# Agression rising?



## caudataman5000 (May 13, 2009)

I have a male golden tegu,
he is slowly gaining agression. Can you give me some tips on how to stop it from getting worse? Any advice I will appriciate! :idea:


----------



## omgtaylorg (May 13, 2009)

Well sad to say but you did indeed pick the most notable tegu for agression, most Columbians wont ever settle down and be tame like an Argentine tegu. Thats just how they are. If you read the "taming the beast" topic on the main page of tegutalk, it will give you alot of helpful hints. But again if it is me taking a random guess(more like hypothesis), I would say the Columbian is always gonna have some fight in him. Start by putting a recently warn shirt in his enclosure. Good luck. Keep us updated.


----------



## laurarfl (May 14, 2009)

There are people who keep and enjoy Colombians. Mine is quite nice, but more skittish than the Argentines. I used the T-shirt technique for a long time. I fed her outside of the enclosure so that being handled had a positive association. I used gloves if I had a thought she would bite, but I've never been bitten by her. I've always kept her in an area with a lot of people so she could us and be used to seeing us. In the beginning, she was very huffy and would tail whip. I would just put my hand in slowly to lift her from underneath. There are times I just had to grab her, but I try to avoid that if possible. Now she'll just walk up your arm to come out.

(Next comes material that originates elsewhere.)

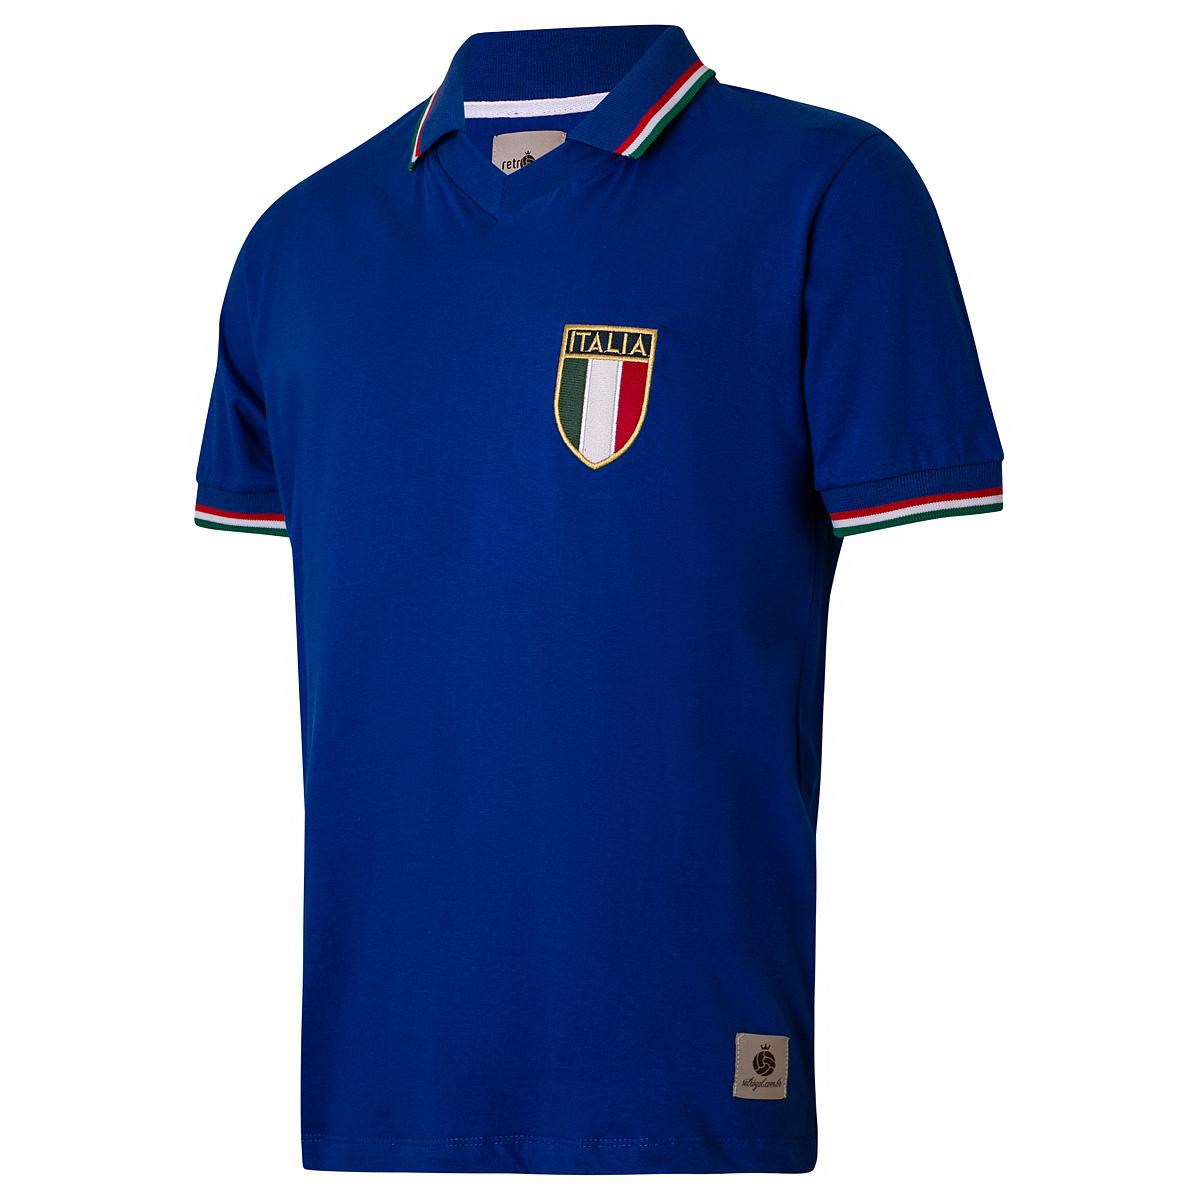 Camisa Itália Retrô 1982 Masculina

So...what's going on with your guy? How old is he? What are his temps like? What are you feeding him? Some people have found live feeding encourages aggression. I always feed F/T, so I can't vouch for that. I've seen behavior changes associated with age and with behavior: I huff and act mean-you leave-it works-I'll act mean, and then there's the teenage rebellion sort of behavior .


----------



## caudataman5000 (May 14, 2009)

thanks for the help you guys! Im gunna try the T-shirt tecnique. He isnt like mean, just very fast. Ive also been feeding him ringneck snakes, rodents, worms, and fruit. Is that a correct diet?


----------



## Jer723 (May 14, 2009)

he actually eats the fruit? i always thought columbians were strictly carnivores? thats pretty weird, and whats a ringneck snake? :drool


----------



## caudataman5000 (May 14, 2009)

a ringneck snake is a pretty small missouri native snake. My buddy captive breeds them. He gives them to me for food. My tegu absolutely loves them


----------



## taterbug (Dec 24, 2009)

Well mine is mean as crap he will run at the glass and try to bite you over and over till you leave he just started this junk and it is a real pain in the $%@#I sure hope yall can come up with something because I have tried all the shirt things and socks holding him a lot ect... nothing works he will bite you reguardless HA HA...


----------



## whoru (Dec 25, 2009)

welcome to the world of the columbian tegu


----------